Only the lines running from the line with "Fashion Nails - Nail Salon in Oakdale" to the end of the listing below should be copied, exactly, without pictures.

Stored data -
+ + +

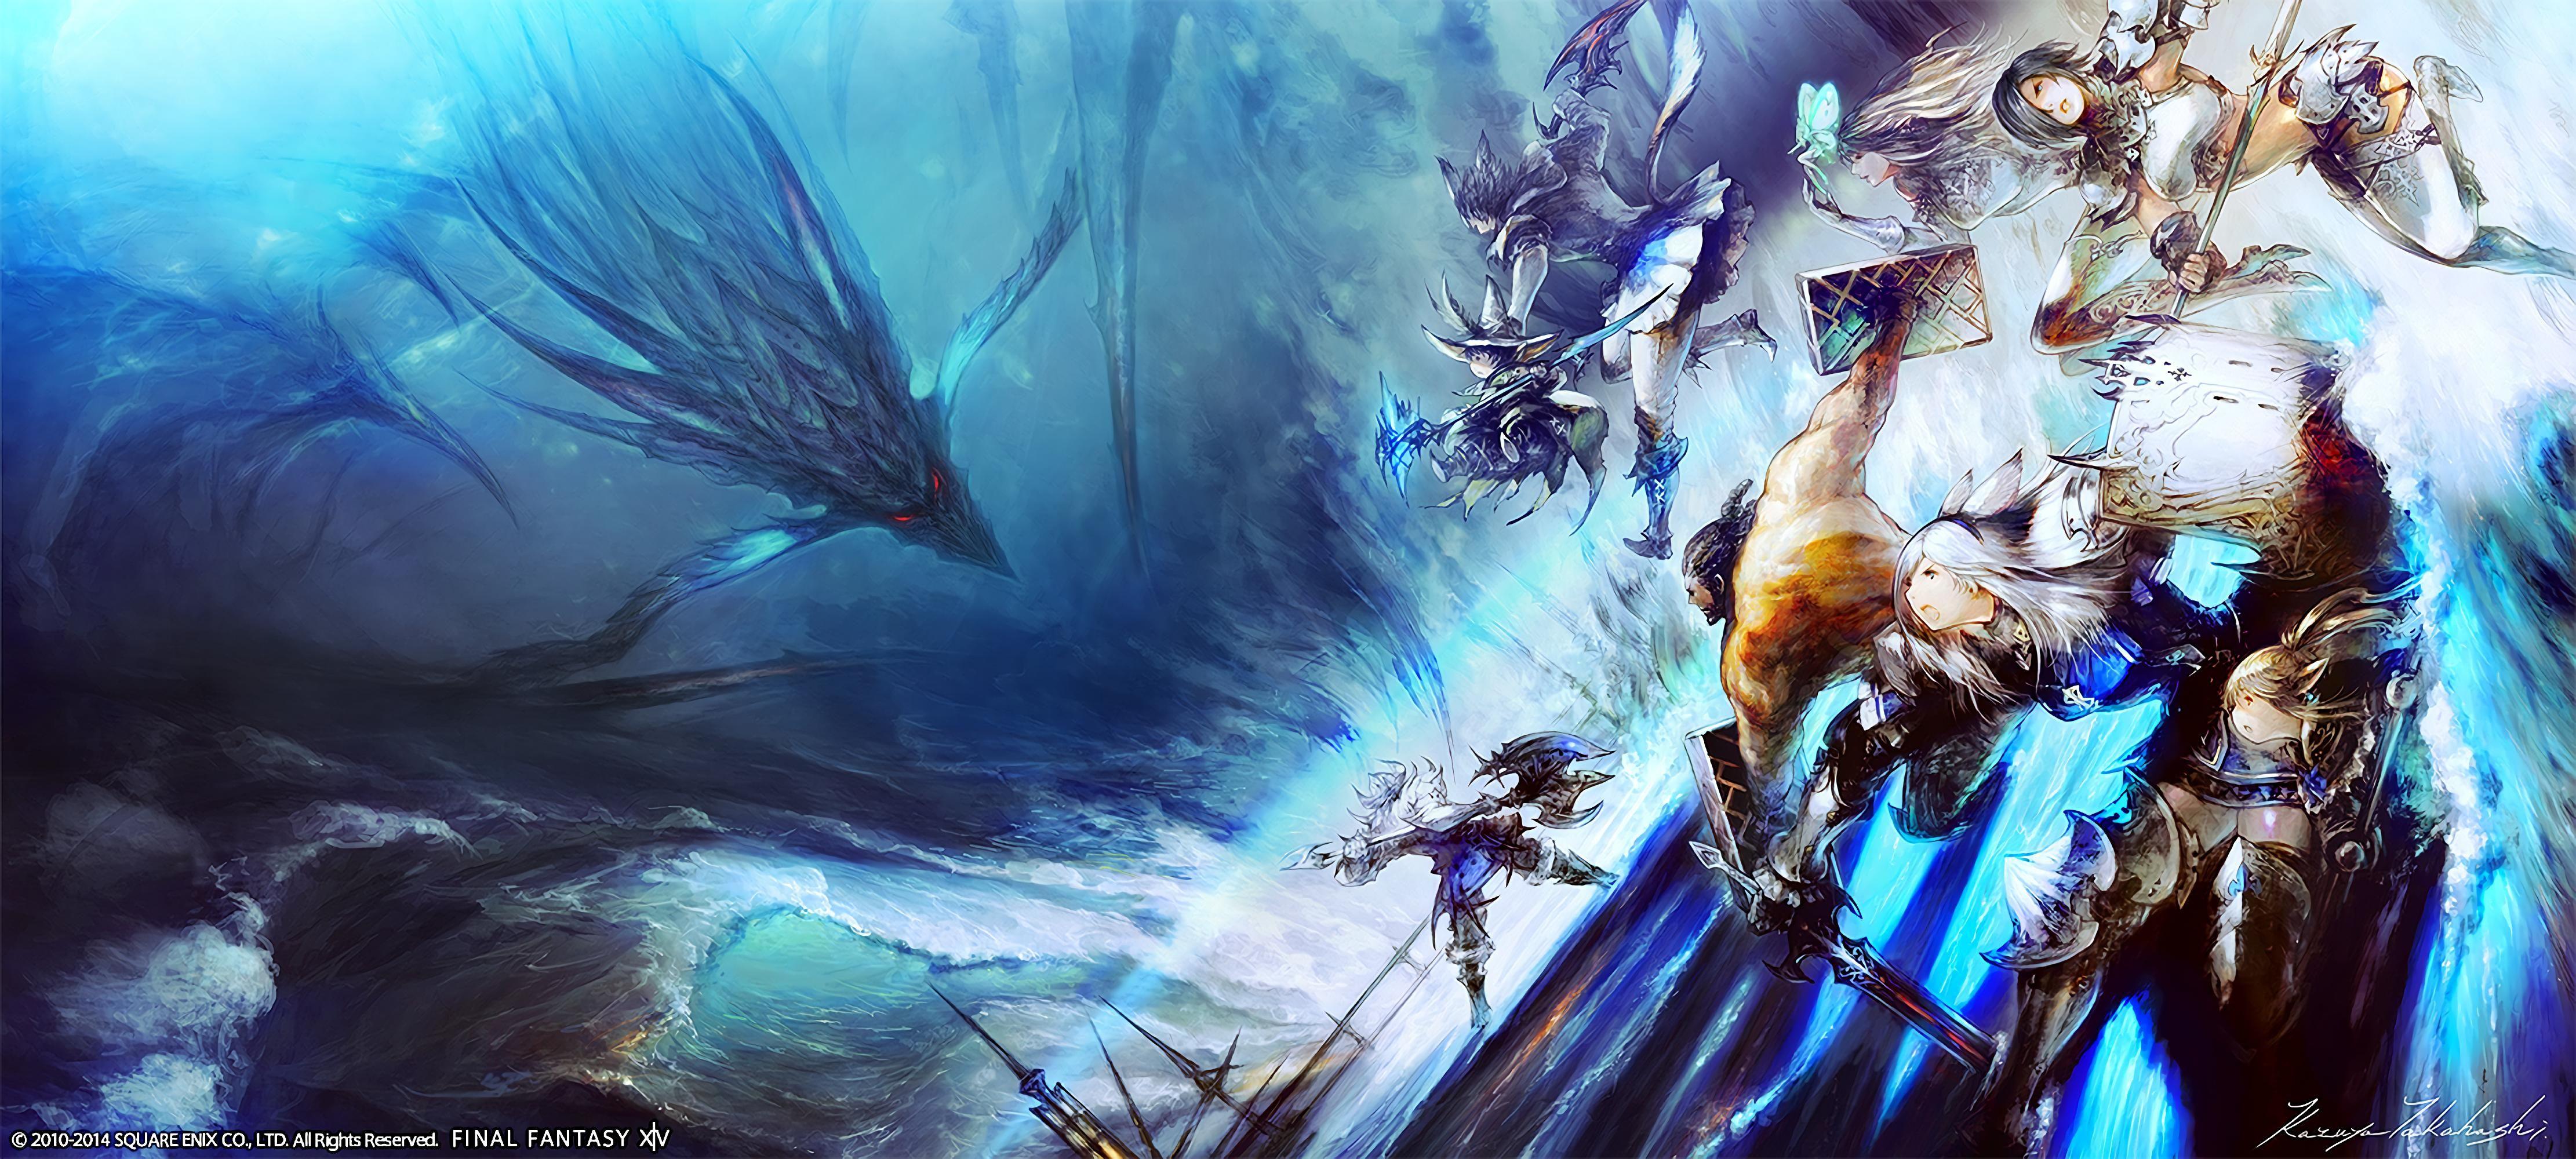 Ffxiv 4k Wallpaper Album Album On Imgur Final Fantasy Xiv Final Fantasy Fantasy
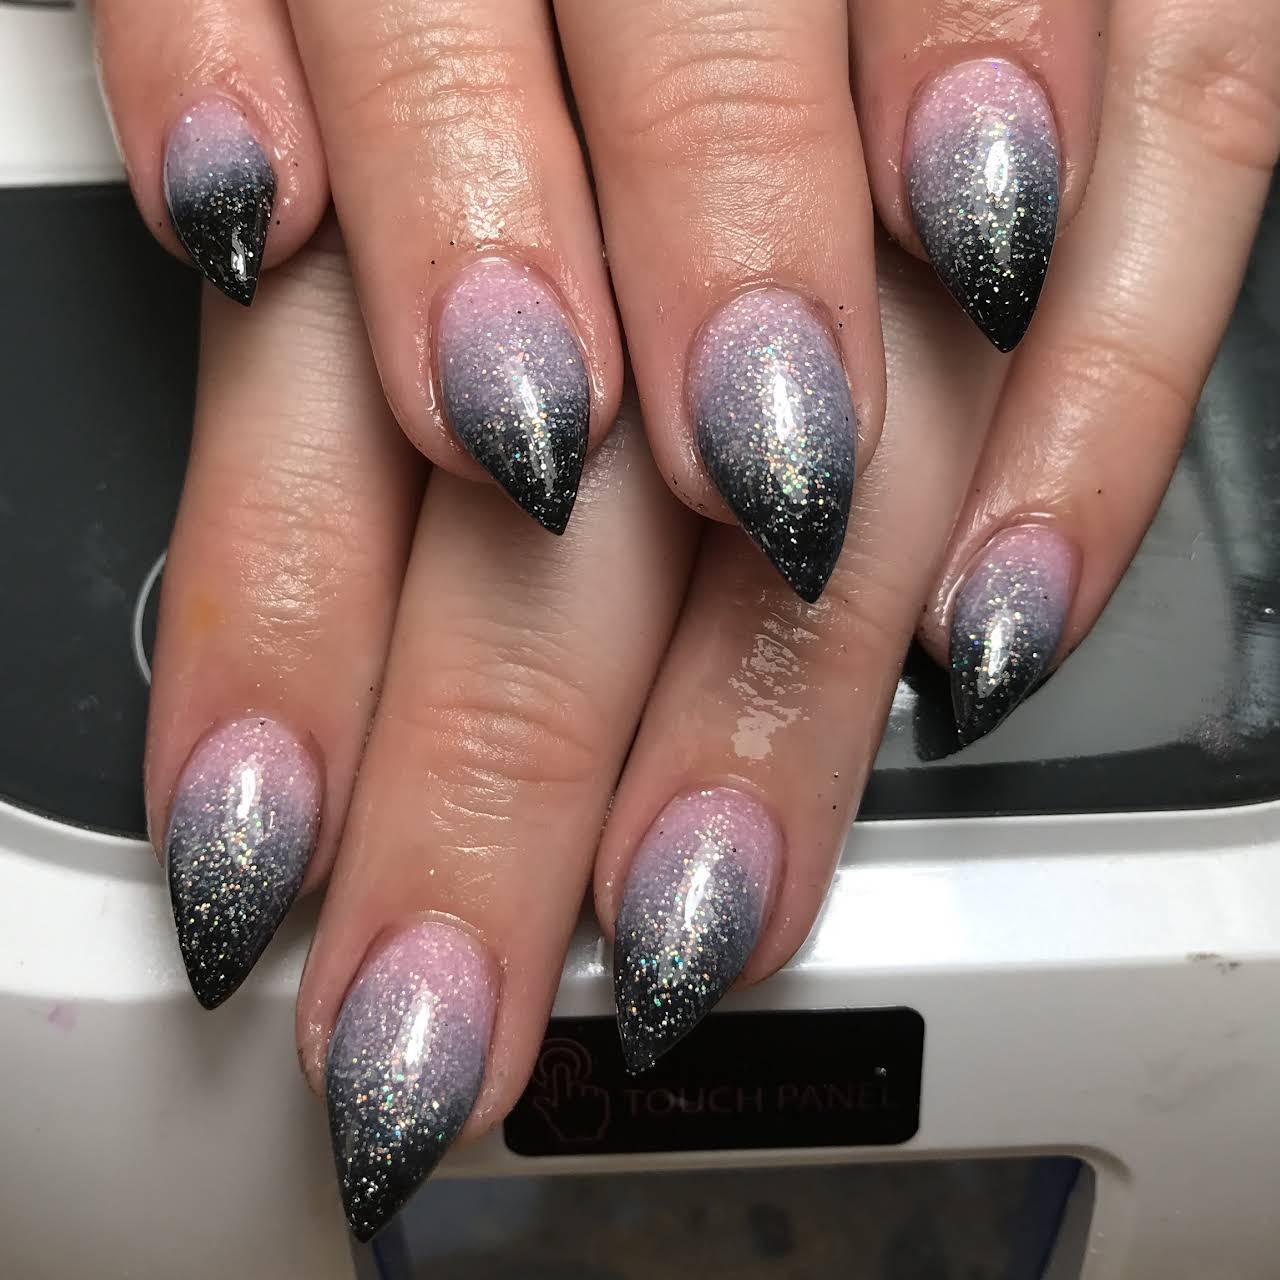 Fashion Nails - Nail Salon in Oakdale
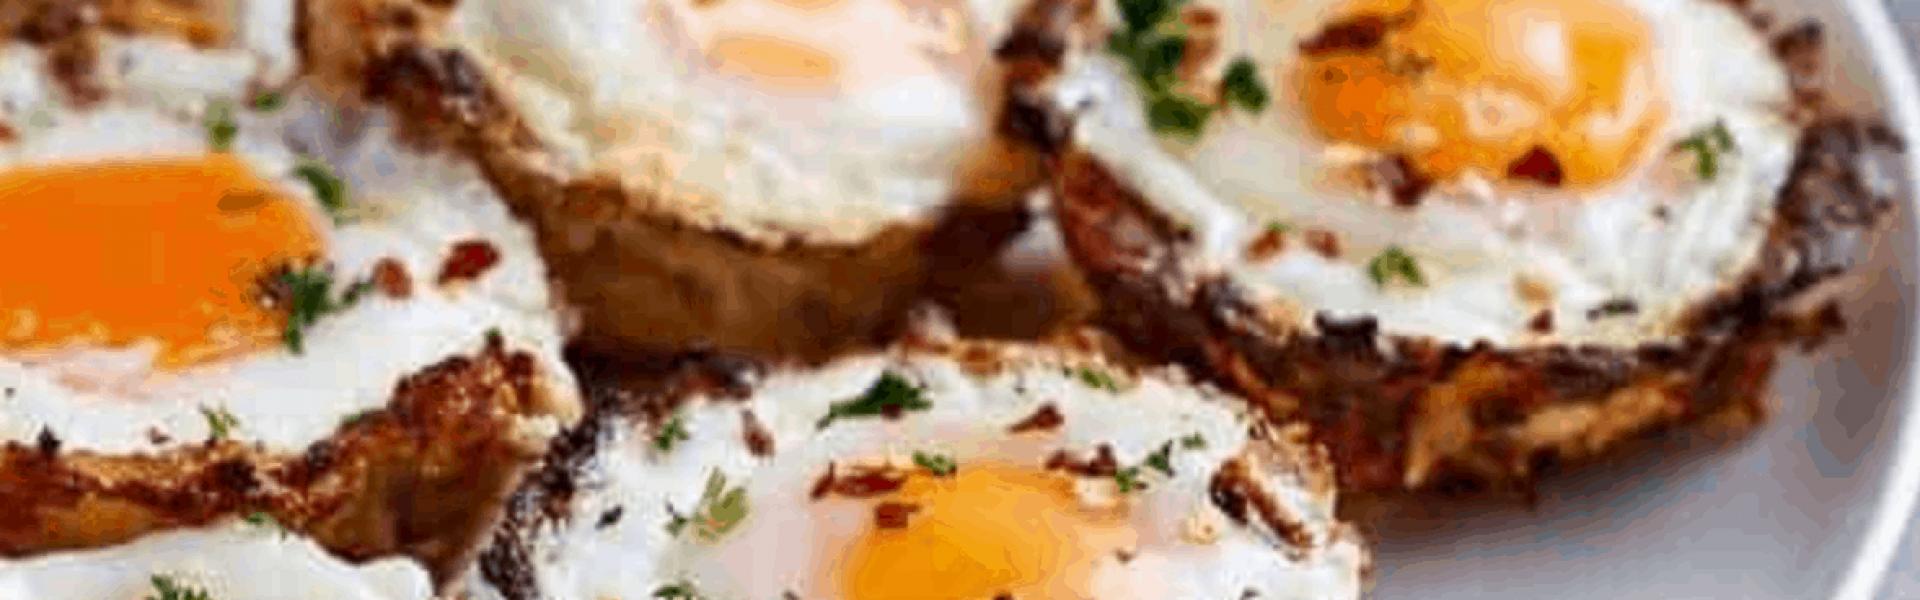 cauliflower hash brown egg

+ + +

Result of this task -
 Fashion Nails - Nail Salon in Oakdale
 cauliflower hash brown egg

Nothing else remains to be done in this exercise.